─── Stored data ───

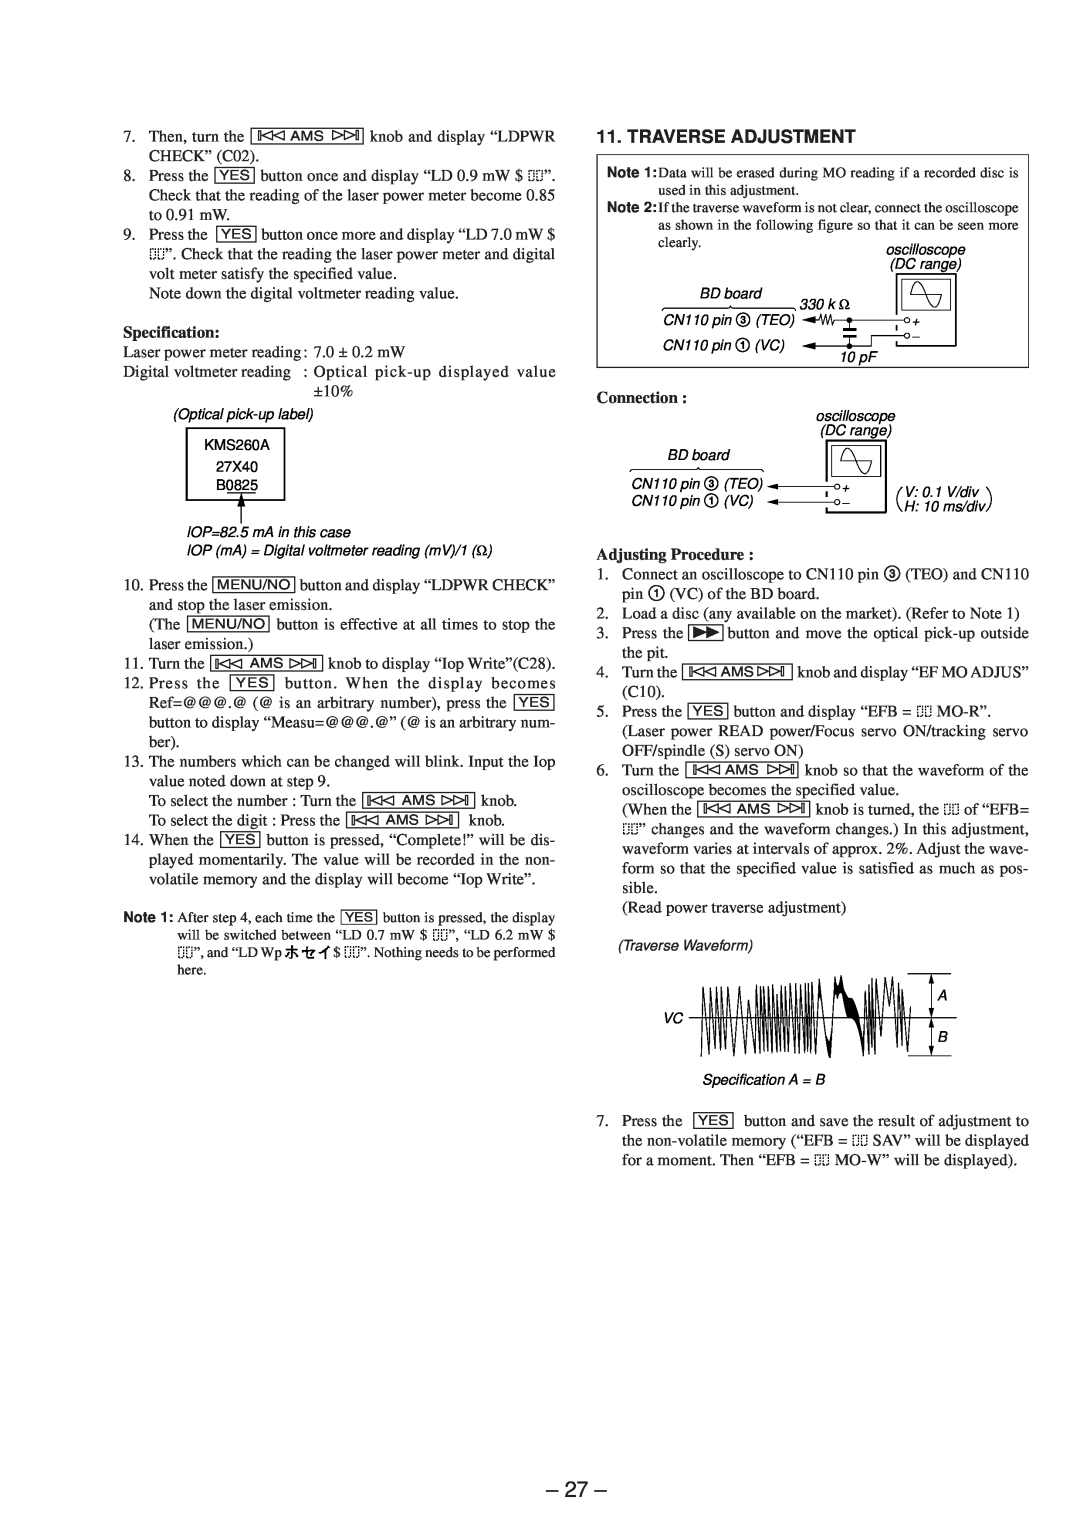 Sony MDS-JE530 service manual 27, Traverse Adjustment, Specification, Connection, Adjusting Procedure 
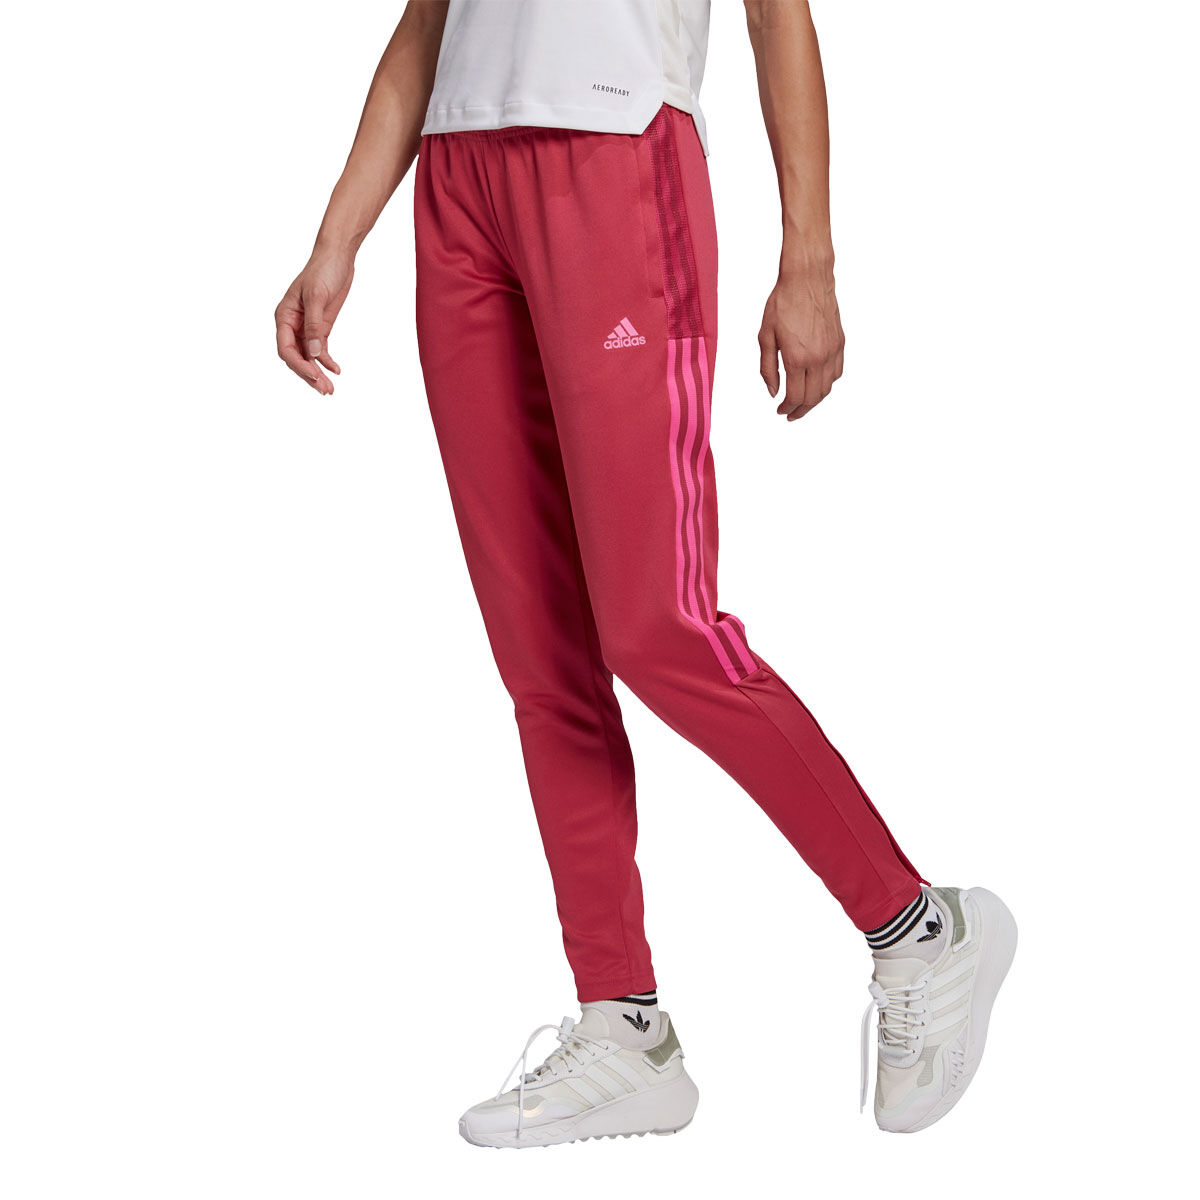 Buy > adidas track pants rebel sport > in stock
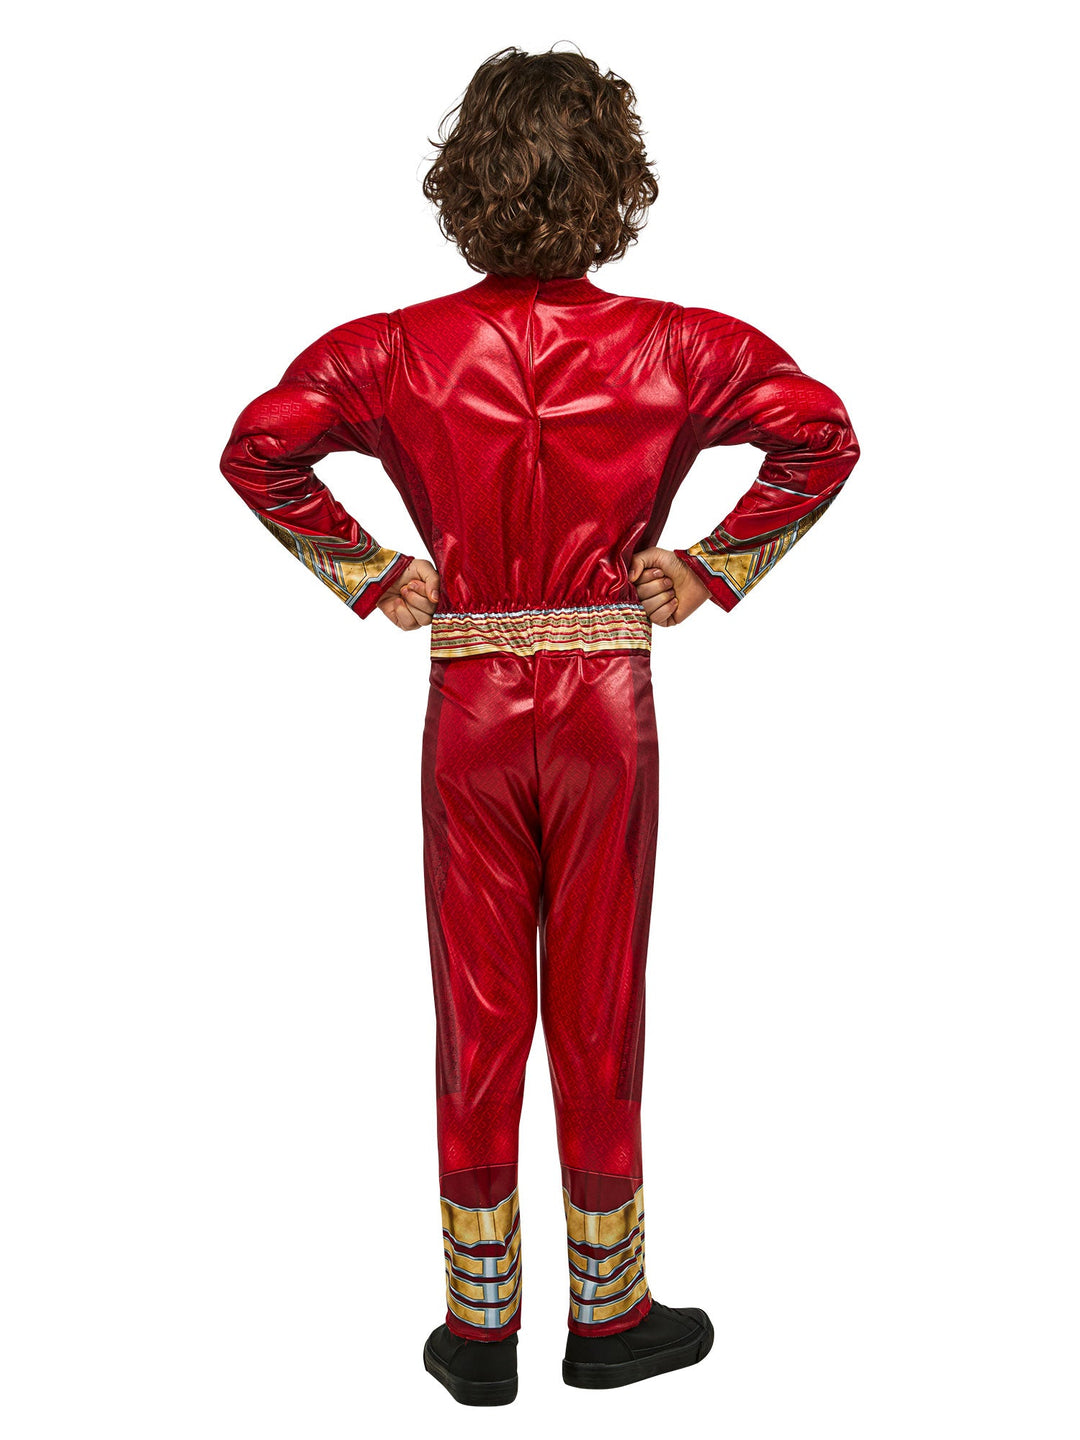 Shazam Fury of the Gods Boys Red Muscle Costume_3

───

Task directions> Reproduce the data verbatim and omit each image.

Answer for this exercise>
 Sony MDS-JE530 service manual 27, Traverse Adjustment, Specification, Connection, Adjusting Procedure 
 Buy > adidas track pants rebel sport > in stock
 Shazam Fury of the Gods Boys Red Muscle Costume_3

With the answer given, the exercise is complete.